Contrastive learning with the nearest neighbor has proved to be one of the most efficient self-supervised learning (SSL) techniques by utilizing the similarity of multiple instances within the same class. However, its efficacy is constrained as the nearest neighbor algorithm primarily identifies "easy" positive pairs, where the representations are already closely located in the embedding space. In this paper, we introduce a novel approach called Contrastive Learning with Synthetic Positives (CLSP) that utilizes synthetic images, generated by an unconditional diffusion model, as the additional positives to help the model learn from diverse positives. Through feature interpolation in the diffusion model sampling process, we generate images with distinct backgrounds yet similar semantic content to the anchor image. These images are considered "hard" positives for the anchor image, and when included as supplementary positives in the contrastive loss, they contribute to a performance improvement of over 2% and 1% in linear evaluation compared to the previous NNCLR and All4One methods across multiple benchmark datasets such as CIFAR10, achieving state-of-the-art methods.
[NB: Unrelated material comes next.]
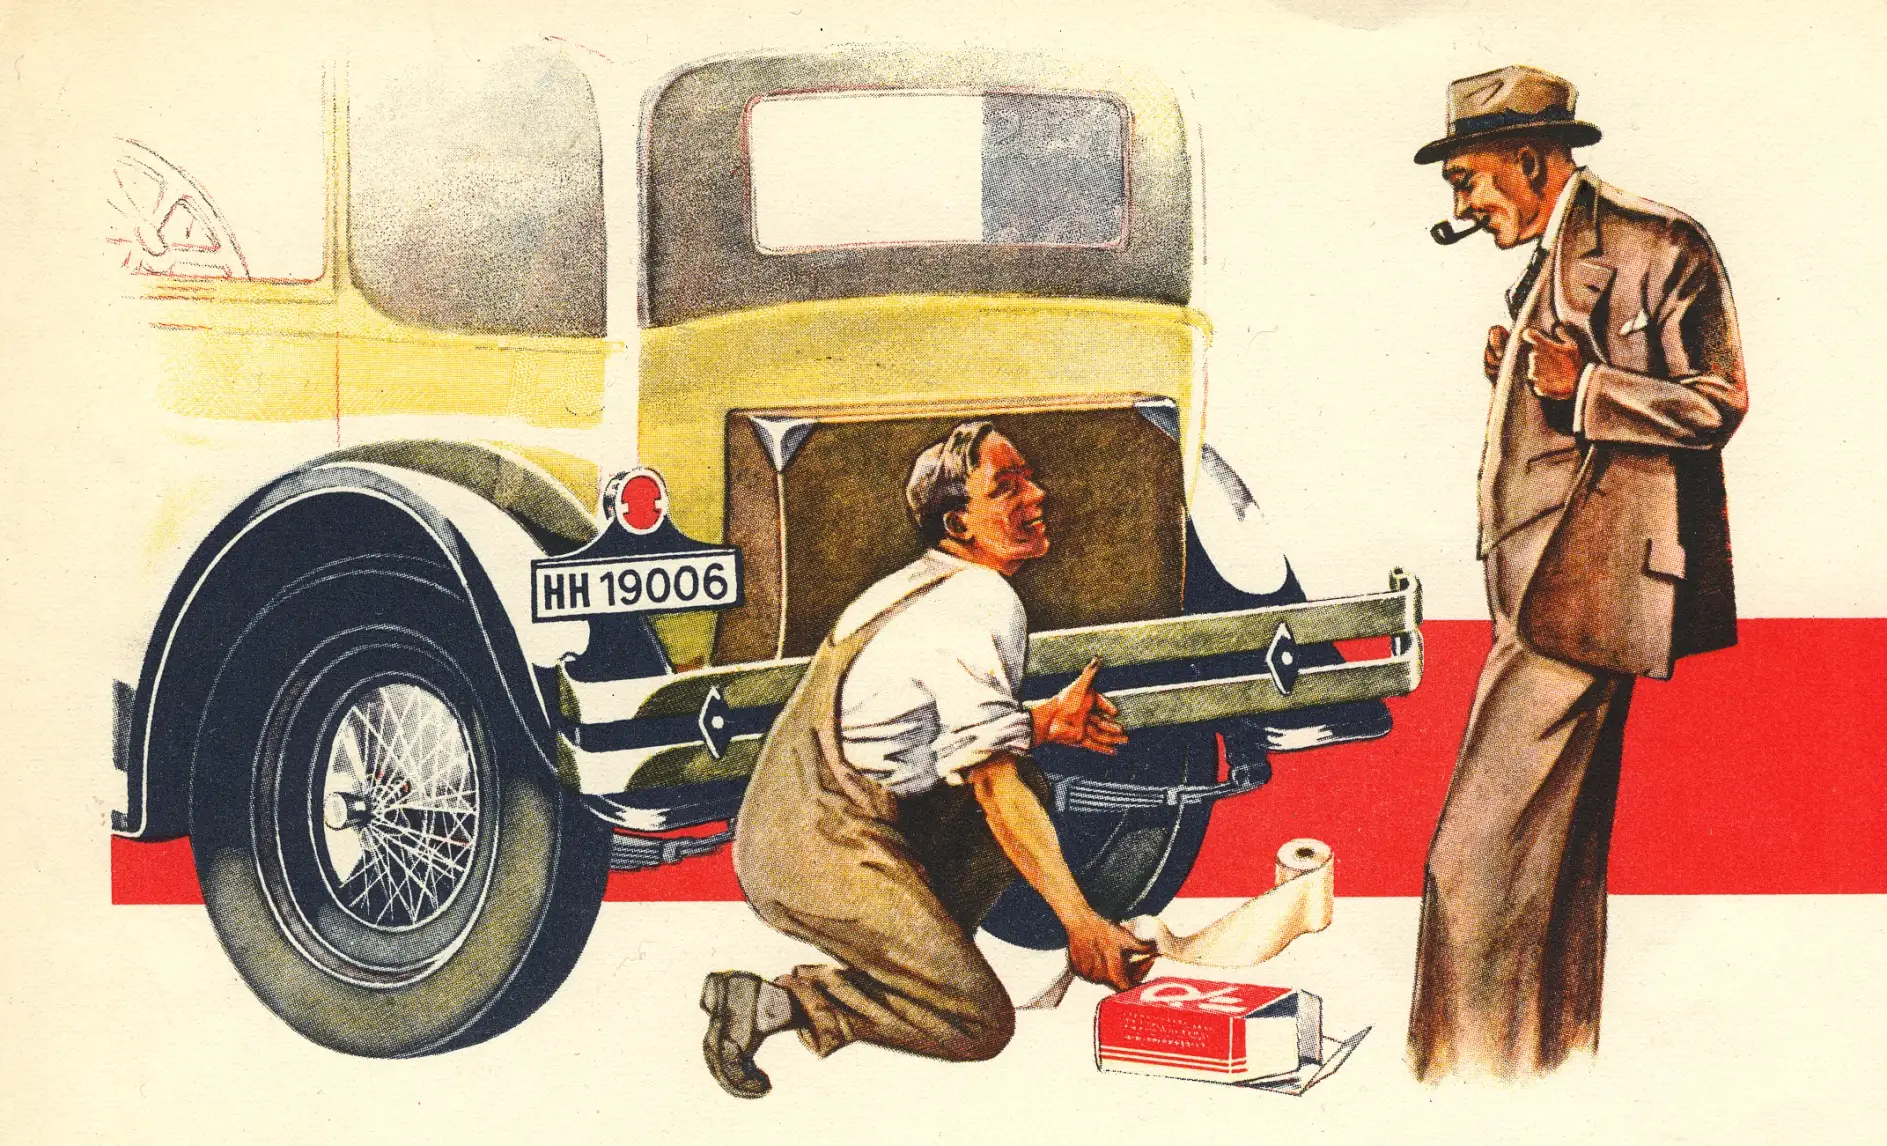 Já na década de 1930, as fitas adesivas da Beiersdorf ajudaram a estender a vida útil das molas dos carros.

On transfer learning benchmarks, CLSP outperforms existing SSL frameworks on 6 out of 8 downstream datasets. We believe CLSP establishes a valuable baseline for future SSL studies incorporating synthetic data in the training process.

Figures (8)

• Figure 1: (a) Overview of the proposed CLSP framework, we use a diffusion model to generate an additional positive $x_i^3$ to increase the positive diversity for better representation learning. (b) The t-SNE plot of features extracted from the intermediate layer of the diffusion model trained on CIFAR10. The features are generated at timestamp 50. (c) The generated images only contain background information if intermediate features are masked, suggesting the decoupling of semantic and background information in different layers of the diffusion model. (d) Using feature interpolation to generate hard positives, the generated images contain similar semantic content to the anchor image but differ in context and background.
• Figure 2: Feature similarity of original positive pairs (left) and additional positive pairs (right) on CIFAR10. The original positive pair is the two augmented views, and the additional positive pair is one of the augmented views with the synthetic positive.
• Figure 3: The correlation of image generation quality with CLSP-SimCLR and CLSP-MoCoV2 linear evaluation performance on CIFAR10 and CIFAR100 datasets.
• Figure 4: (a) Generated images under different feature interpolation weights. (b) The correlation of linear classification accuracy with $w$ on CIFAR10 and CIFAR100 datasets
• Figure A.1: Alternative positive generation methods. (a) RCG, using a pre-trained SSL encoder to generate semantic embedding of the anchor image as the condition to guide diffusion sampling. (b) RCG-cluster, using an unsupervised cluster head to cluster the embeddings in RCG and then using the cluster output as the condition.